5.2 Rispetto per l’uomo

Assieme al Just-In-Time, il “rispetto per l’uomo” rappresenta una caratteristica distintiva dei sistemi di produzione Toyota, come indicato nell’articolo di Fujio Cho (Presidente di Toyota Motor Corporation). L’approccio del Pensiero Snello ha modificato il punto di vista nei confronti dei lavoratori, che non sono più antagonisti ma risorse in grado di contribuire allo sviluppo ed al mantenimento di un flusso di valore.

La grande sfida legata all’efficacia dei sistemi di gestione, qualunque sia l’obiettivo, sembra essere quella legata al coinvolgimento di tutto il personale per far in modo che ognuno si senta parte di un meccanismo in grado di contribuire al raggiungimento dell’obiettivo.

Nelle “nuove” organizzazioni basate sul Pensiero Snello i lavoratori sono incoraggiati ad aumentare la propria esperienza ed a contribuire al miglioramento del sistema. Vengono coinvolti in una formazione trasversale che li metta in grado di sostituire un collega con un altro ruolo, o supportarlo nel caso in cui sia necessario un bilanciamento dei carichi di lavoro all’interno della squadra per rispondere al mercato.

Come già accennato parlando della metodologia 5S, esiste una componente tecnica (jyutsu) ed una umana (do); secondo questa logica, l’approccio del Pensiero Snello dotato della sola componente tecnica rischia di essere meramente un miglioramento dell’efficienza produttiva in grado di creare un forte stato di stress tra i lavoratori che, a lungo termine, potrebbe minare l’apparente efficientamento ottenuto a causa di assenze per malattie o minor dedizione dei lavoratori per l’obiettivo finale.
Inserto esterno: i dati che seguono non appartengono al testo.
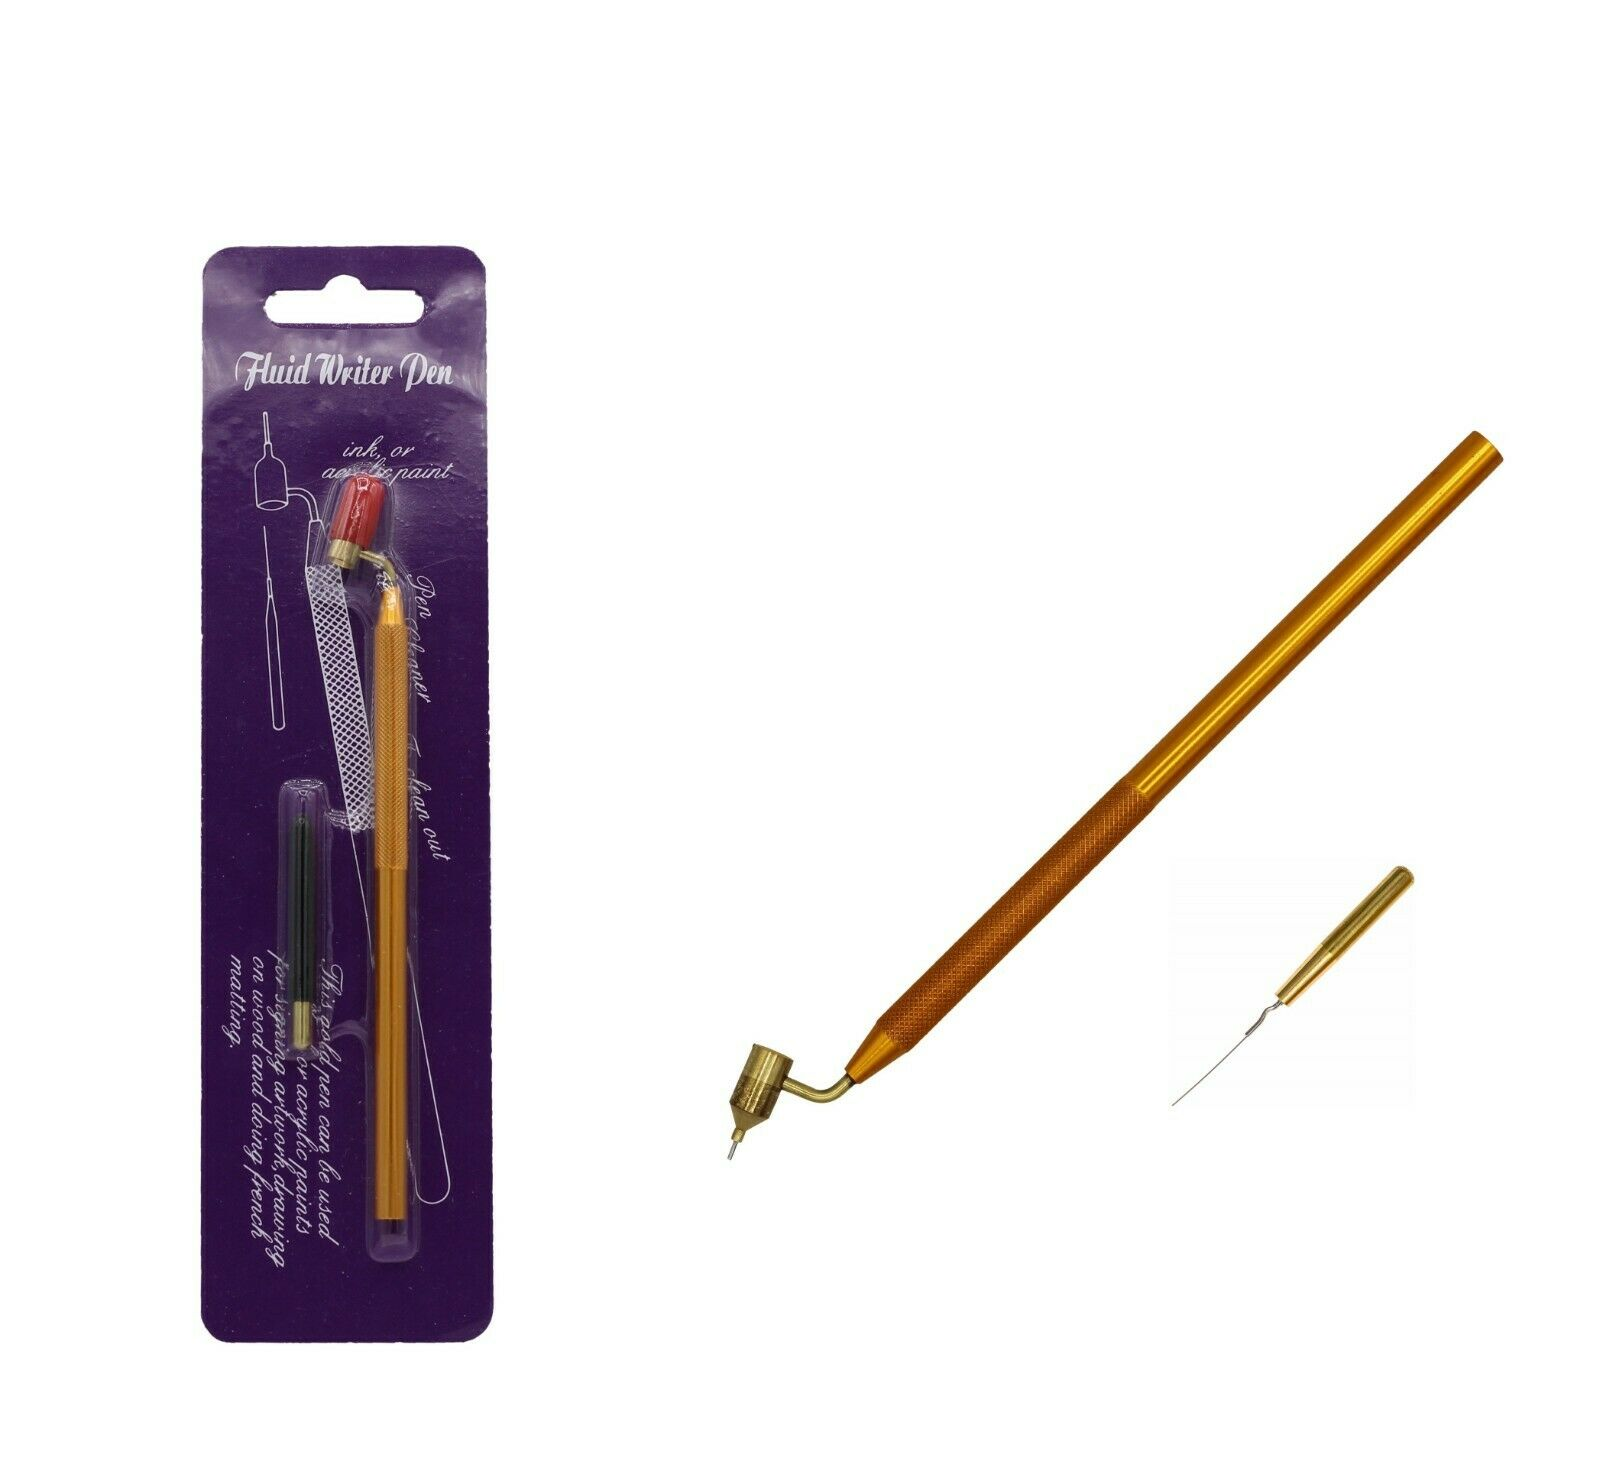 Detailing Fine Line Fluid Writer Paint Applicator Pen | Precision Touch Up Pen Acrylic Paint

Il Pensiero Snello non può essere acquistato come un macchinario; allo stesso modo pensare che la

Lean Manufacturing sia composta solo da tecniche e strumenti è una ricetta per il fallimento (Hafey,

2009).

La componente umana ed il coinvolgimento dei lavoratori diventano argomenti fondamentali nell’implementazione dei sistemi di gestione per la sicurezza; tuttavia, non è sufficiente assegnare un ulteriore ruolo o delle attività relative a quest’ambito per sostenere di aver coinvolto le persone. Il fatto di incrementare i compiti da portare a termine porterà la sicurezza ad essere la prima priorità solo sulla carta, rendendola di fatto una delle tante attività della routine quotidiana.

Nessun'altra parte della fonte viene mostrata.